Some examples of testing for HIT according to 4T score (4Ts) and reactivity profiles. The higher the 4Ts, the more likely the presence of PF4/H antibodies. Thus, the higher the 4Ts, the higher the expected result in the AcuStar chemiluminescence assay (A), the higher the expected result by ELISA OD (optical density; (B)), and the greater the expected level of platelet activation by SRA (C) (the red dash in each score group indicates the average value for the dataset). The higher the 4Ts, the higher the expected proportion of tested cases being positive by each assay (D). The higher the titer of immunologically detected PF4/H antibodies, the more likely the positivity in functional platelet activation assays (E,F). Data shown here are historical multicenter data, including from the Westmead laboratory, as partly previously reported [9,10]. OD, optical density.

In functional assays such as SRA (and HIPA), one can also assess the effect of added heparin on platelet activation/aggregation. In these ‘modified’ assays, in the absence of added heparin, the tests may or may not identify platelet activation/aggregation. In the presence of a therapeutic level of heparin (e.g., 0.1 or 0.5 U/mL), the presence of platelet activation/aggregation is taken as an indication of pathological PF4/H antibodies (i.e., suggestive of HITT). Indeed, activation/aggregation at a therapeutic level of heparin is often greater than that in the absence of heparin. Finally, a high dose (supra-therapeutic, e.g., 10 to 100 U/mL) of heparin can be used to show inhibition of platelet activation/aggregation (i.e., confirmatory of HITT). Examples of a classical pattern by SRA are shown in Figure 3, using data from patients from the Westmead Hospital laboratory.

Figure 3.

Figure 3

Two examples of a classical pattern expected for HITT positive cases assessed by SRA. In the absence of added heparin, no platelet activation should occur. In the presence of added heparin at a therapeutic level (0.1 U/mL final concentration in these examples), platelet activation, measured as serotonin release, occurs. In the presence of added heparin at a supra-therapeutic level (100 U/mL final concentration in these examples), platelet activation, measured as serotonin release, is inhibited (i.e., no release occurs). Occasionally, platelet activation may also occur in the absence of added therapeutic heparin level, due to the presence of either strong antibodies or heparin in the patient’s plasma. Occasionally, again due to the presence of strong antibodies, platelet activation may not fully normalize in the presence of an administered supratherapeutic heparin level.

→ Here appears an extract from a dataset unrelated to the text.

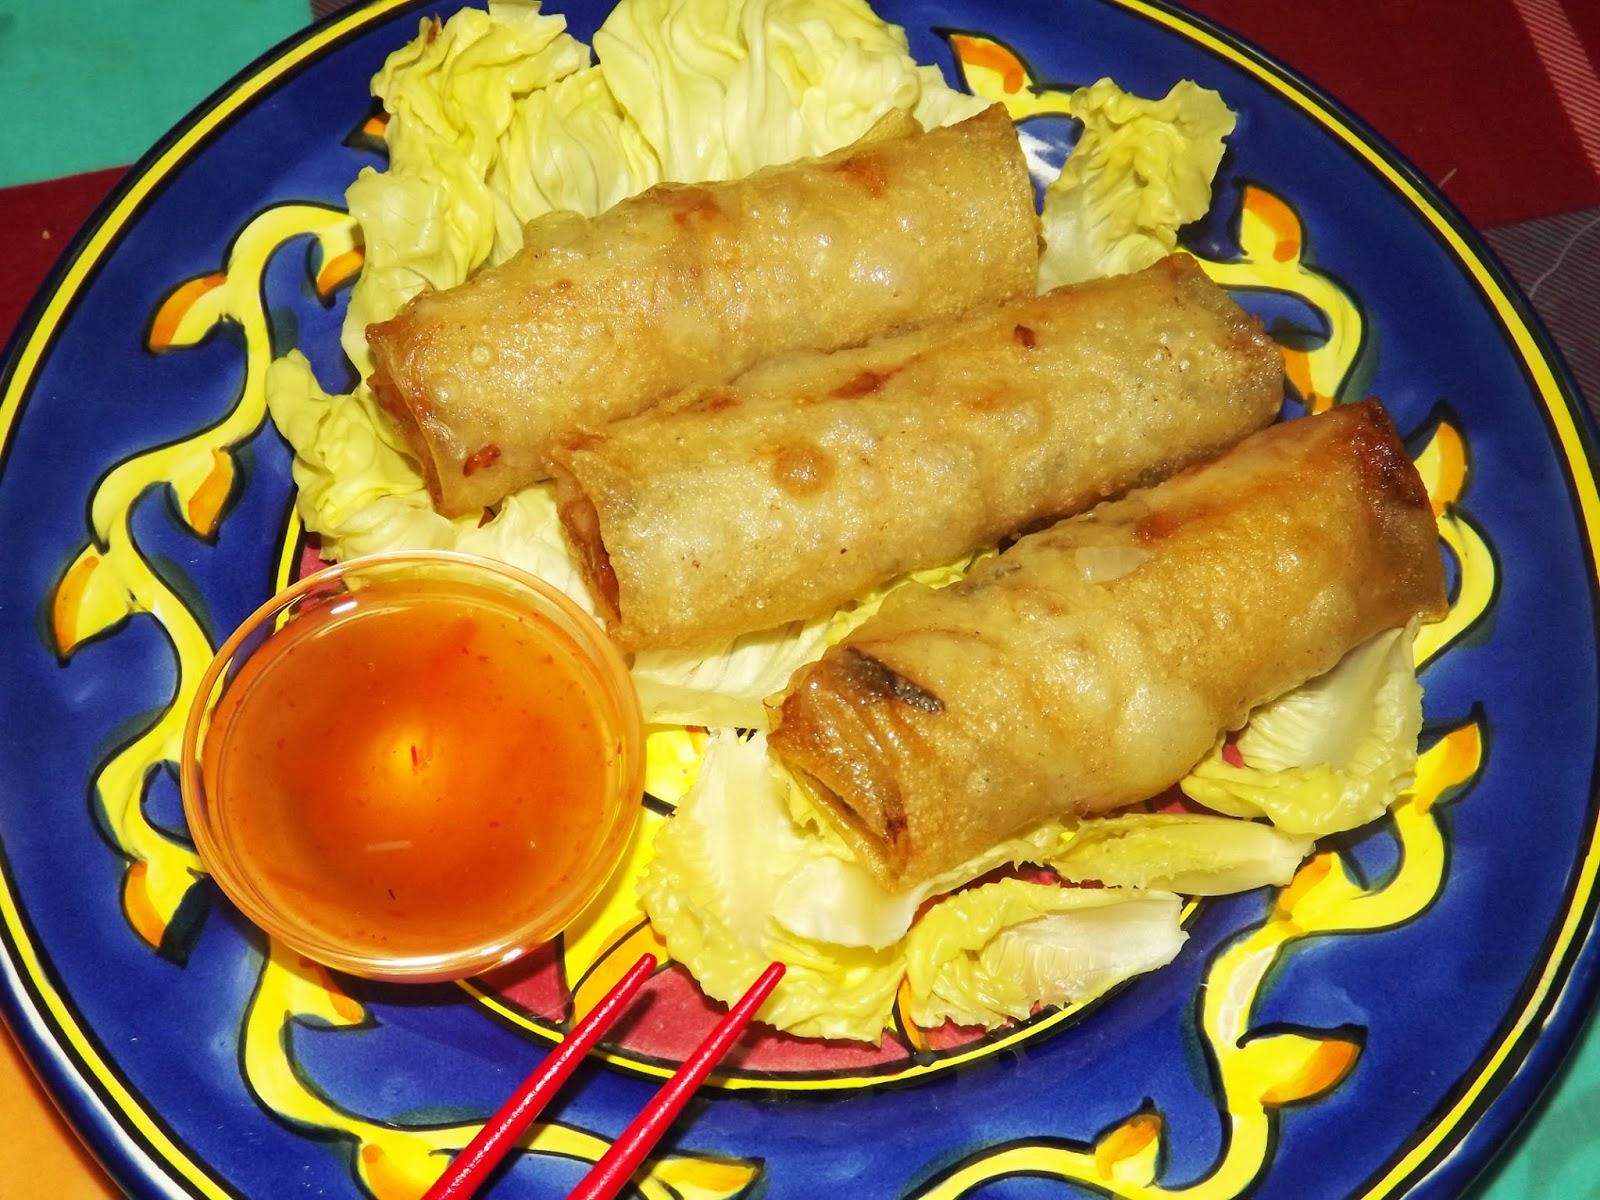 Gourmand gourmet nems vietnamiens au boeuf Nems vietnamiens

3. Spontaneous HIT-Like Syndromes

It is also possible to develop anti-PF4 antibodies without evident prior or proximate exposure to heparin [16,17,18]. As these do not appear to arise due to heparin exposure, they are not really anti-PF4/H antibodies but may represent PF4 in an alternate complex, which we will designate here as “anti-PF4/X antibodies”, where “X” is an anionic species, but typically not heparin. Of interest, the same immunological assays used to identify anti-PF4/H antibodies in HIT (i.e., ELISA or rapid assays) can also be used to identify these anti-PF4/X antibodies, although there may be differences in both sensitivity and specificity, in part because the laboratory assays have been designed to preferentially measure anti-PF4/H antibodies (i.e., antibodies against PF4 in complex with other anionic species will be less reactive). The term ‘spontaneous HIT’ is sometimes used, but this term is perhaps a misnomer, given heparin does not appear to be involved (so, maintaining the above convention, the term ‘XIT’ could be considered more appropriate). Irrespective of this, the term ‘spontaneous HIT-like syndrome’ would perhaps be an appropriate option.

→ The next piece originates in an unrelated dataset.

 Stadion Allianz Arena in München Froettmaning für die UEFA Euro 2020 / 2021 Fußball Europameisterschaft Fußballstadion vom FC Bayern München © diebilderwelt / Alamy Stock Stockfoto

An excellent review on this syndrome has recently been published [16]; therefore, we will only provide a brief overview here. First described in 2008, two subtypes of this syndrome have been identified: (a) surgical (post-orthopedic, especially post-total knee arthroplasty) and (b) medical (usually post-infectious). A wide variety of polyanions may form complexes with PF4, and for spontaneous HIT-like syndromes, these potentially include bacteria (specifically lipid A in bacterial surfaces) or certain nucleic acids such as DNA and RNA.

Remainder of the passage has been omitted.